(INFORMATION SUPPLIED)

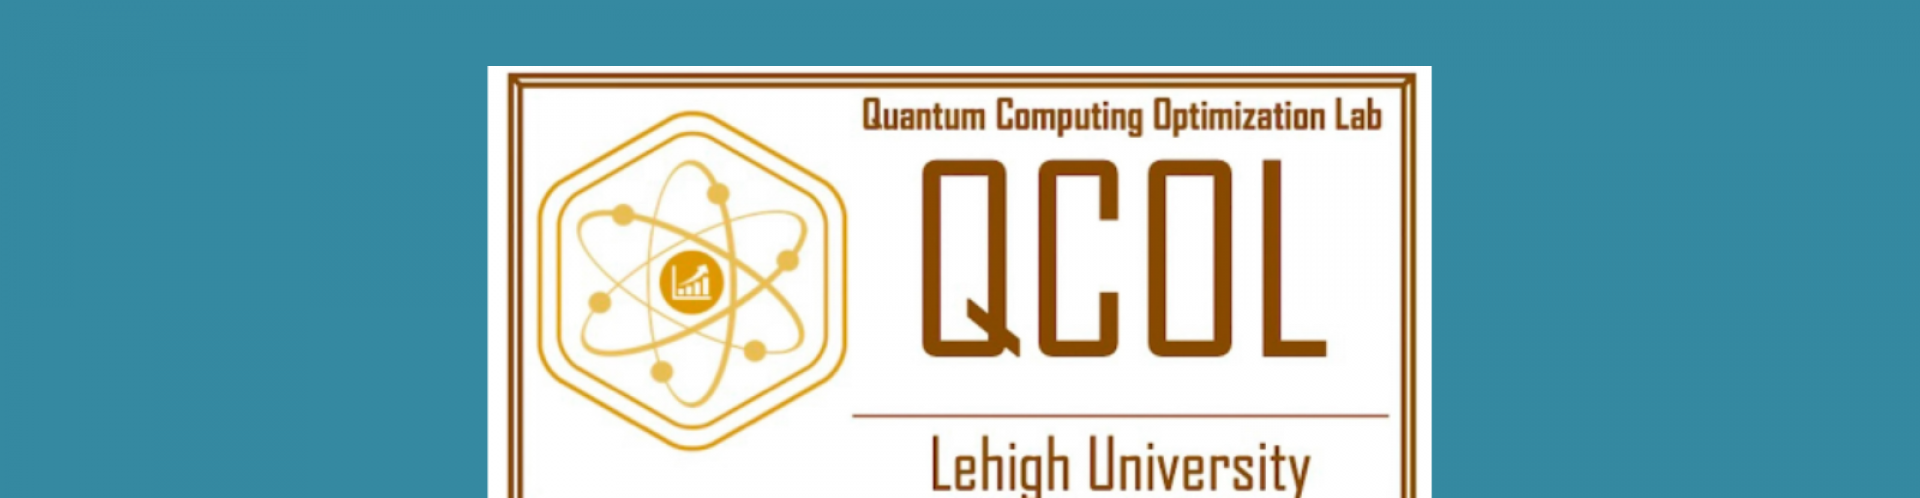 QCOL Logo
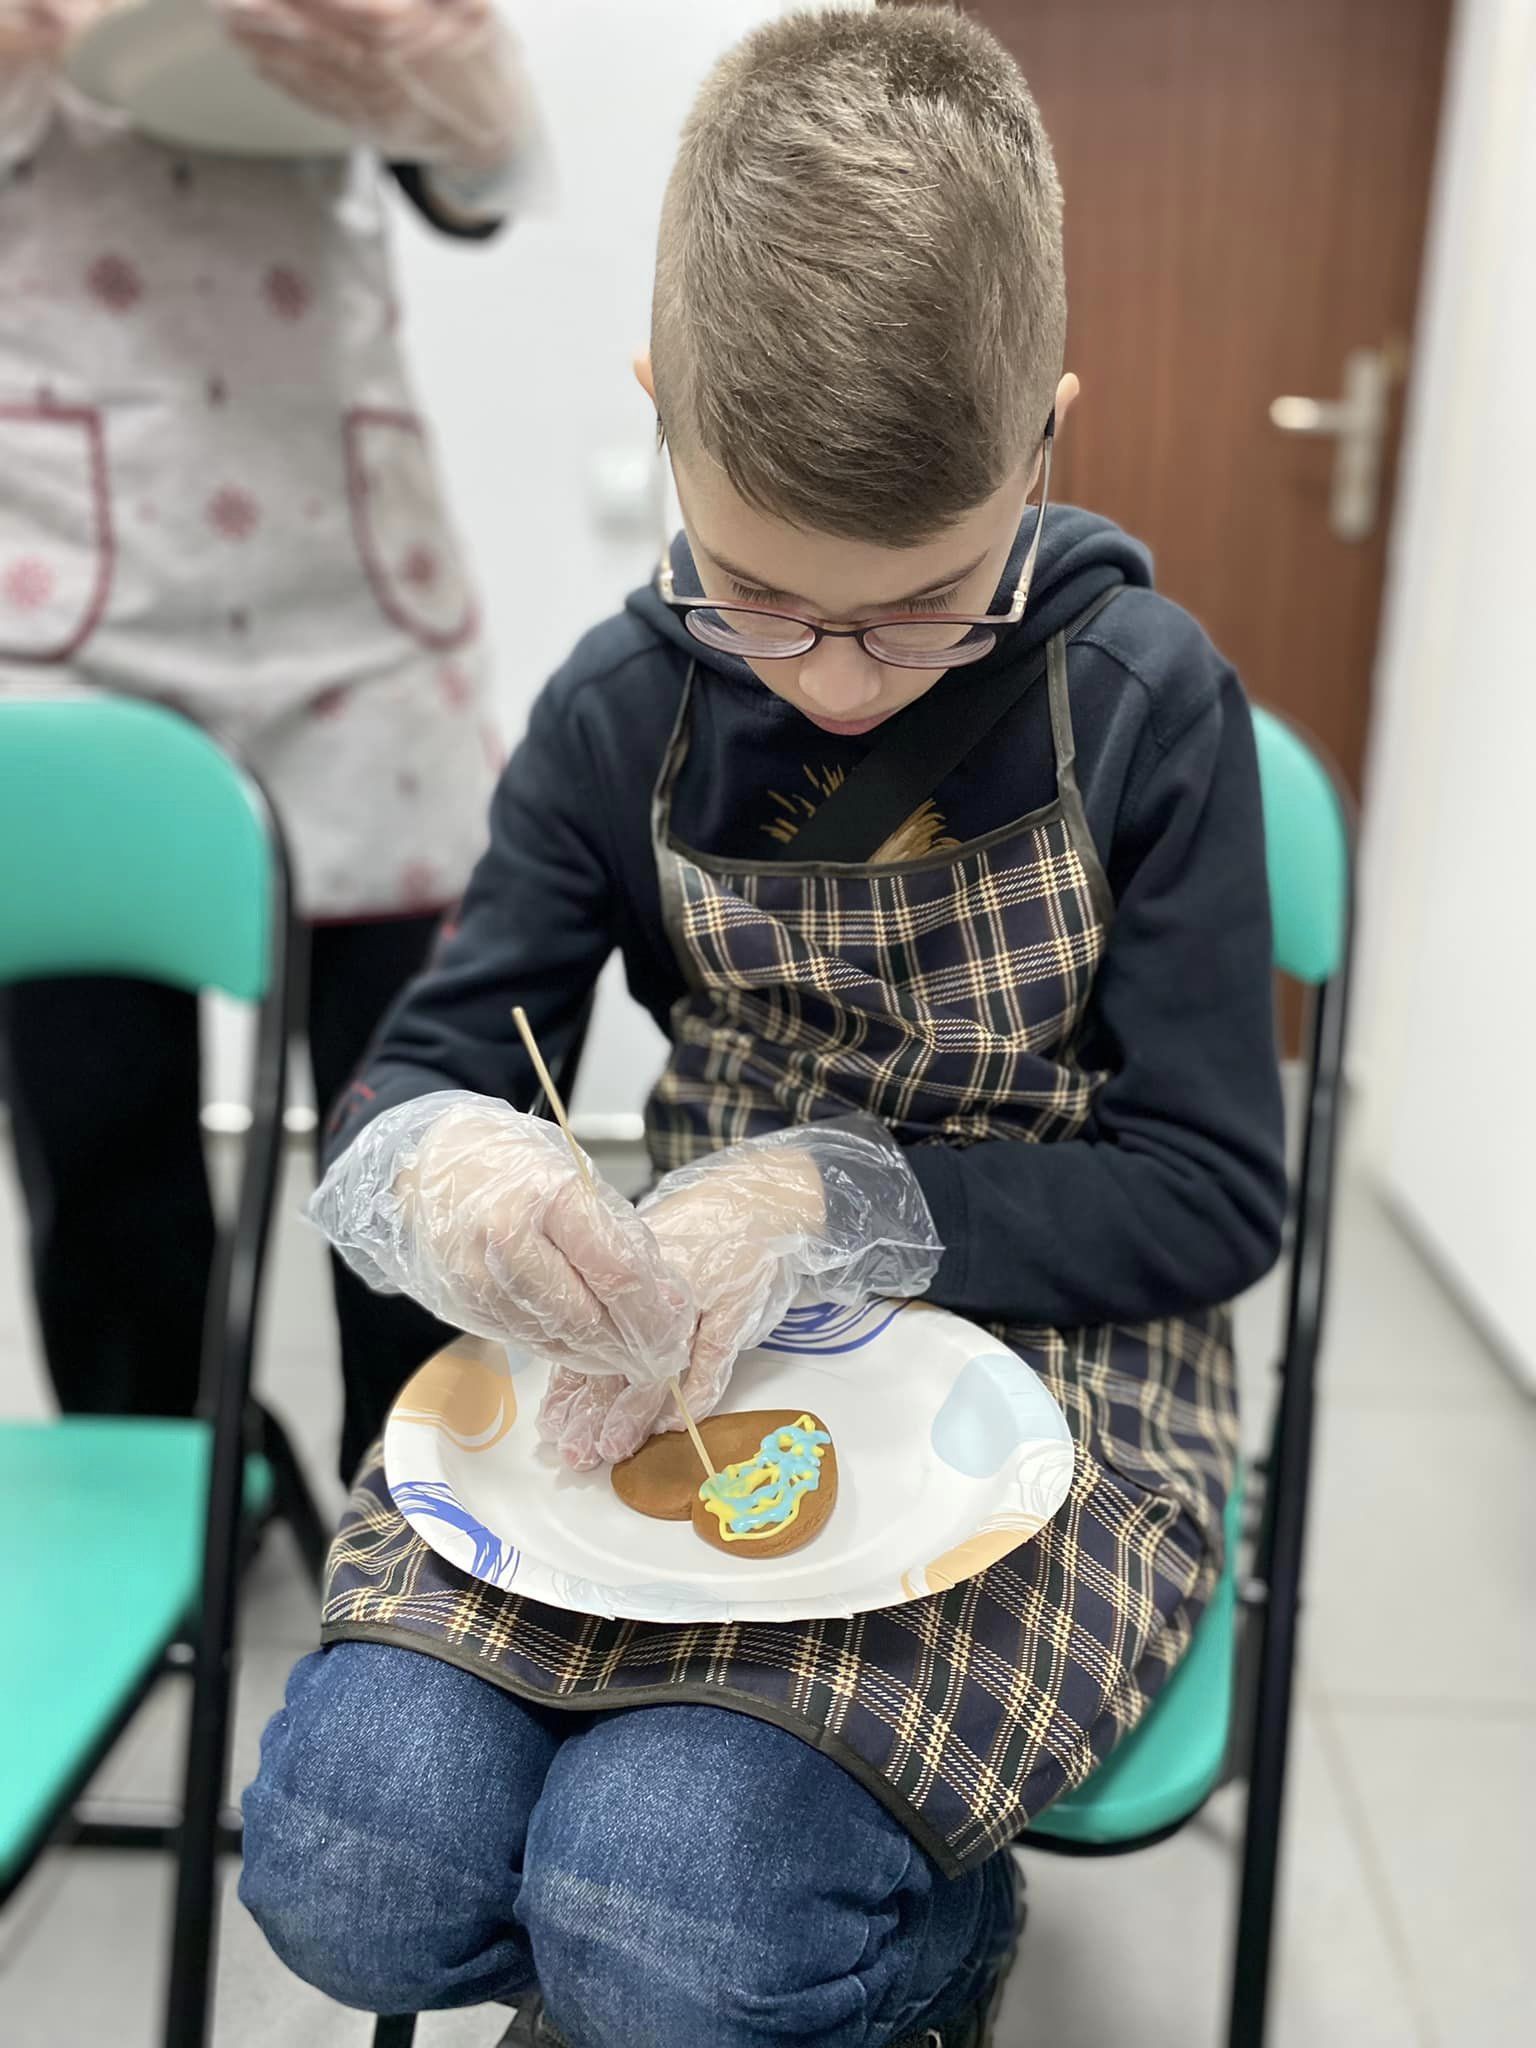 Михайлик Малик створює патріотичне печиво. Фото надав автор
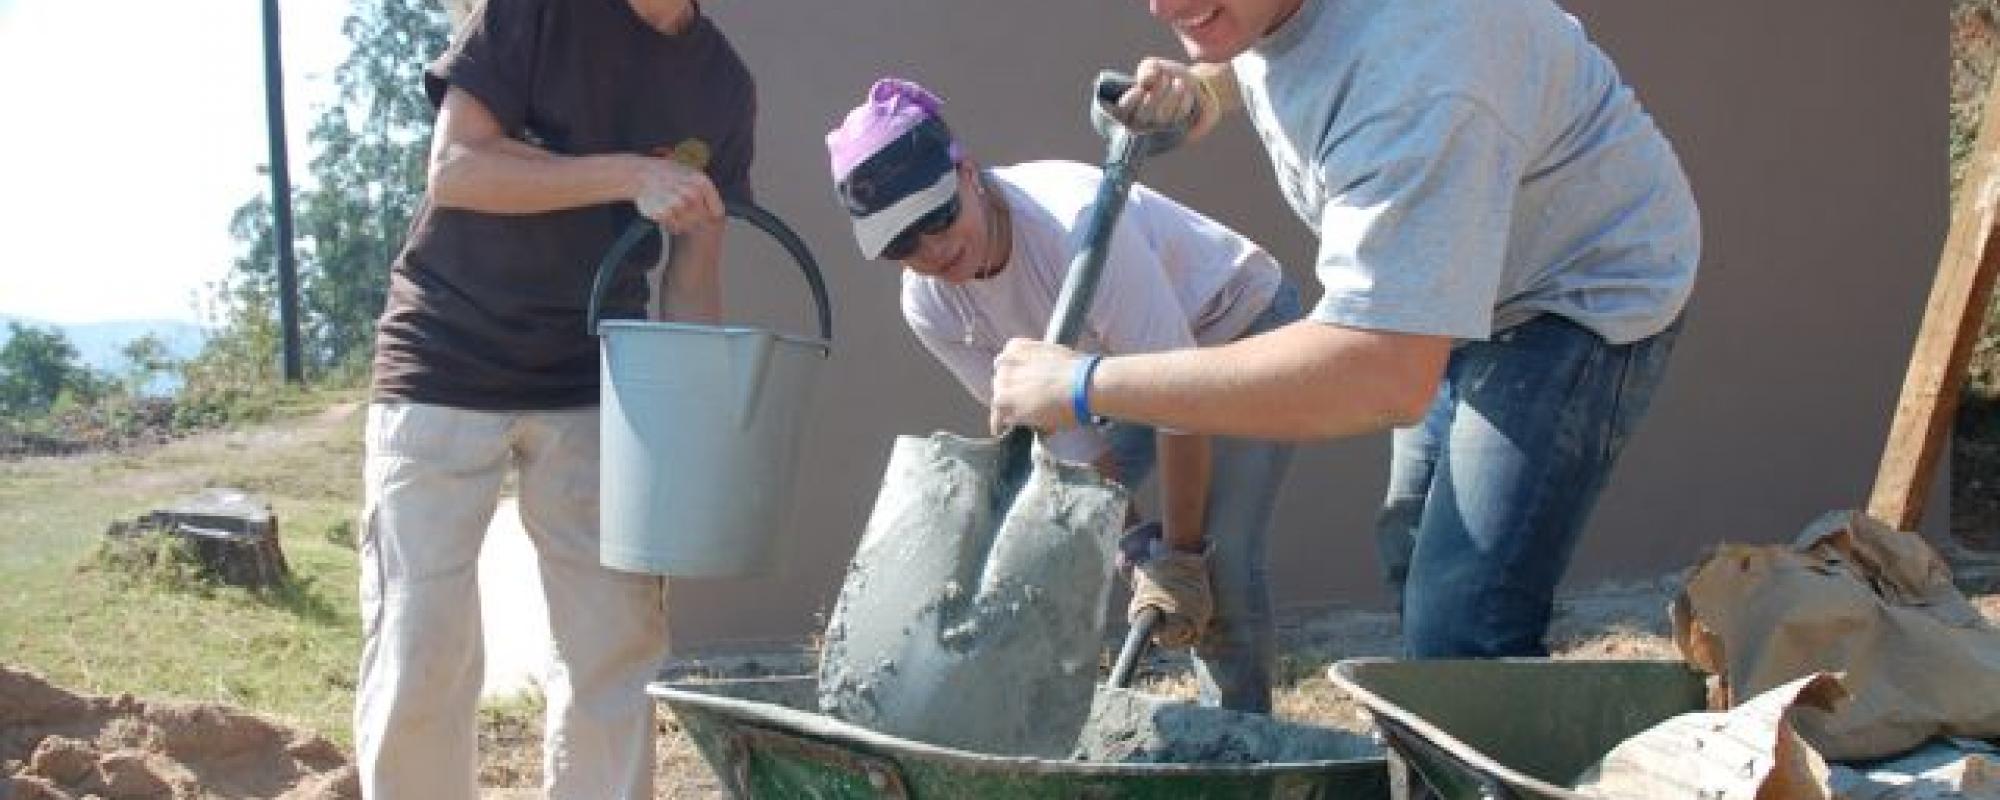 Volunteers mixing concrete

(End INFORMATION SUPPLIED)

● YOUR OBJECTIVE: Could you repeat all of the data exactly, minus the pictures?

● THE COMPLETED TASK:
 QCOL Logo
 Михайлик Малик створює патріотичне печиво. Фото надав автор
 Volunteers mixing concrete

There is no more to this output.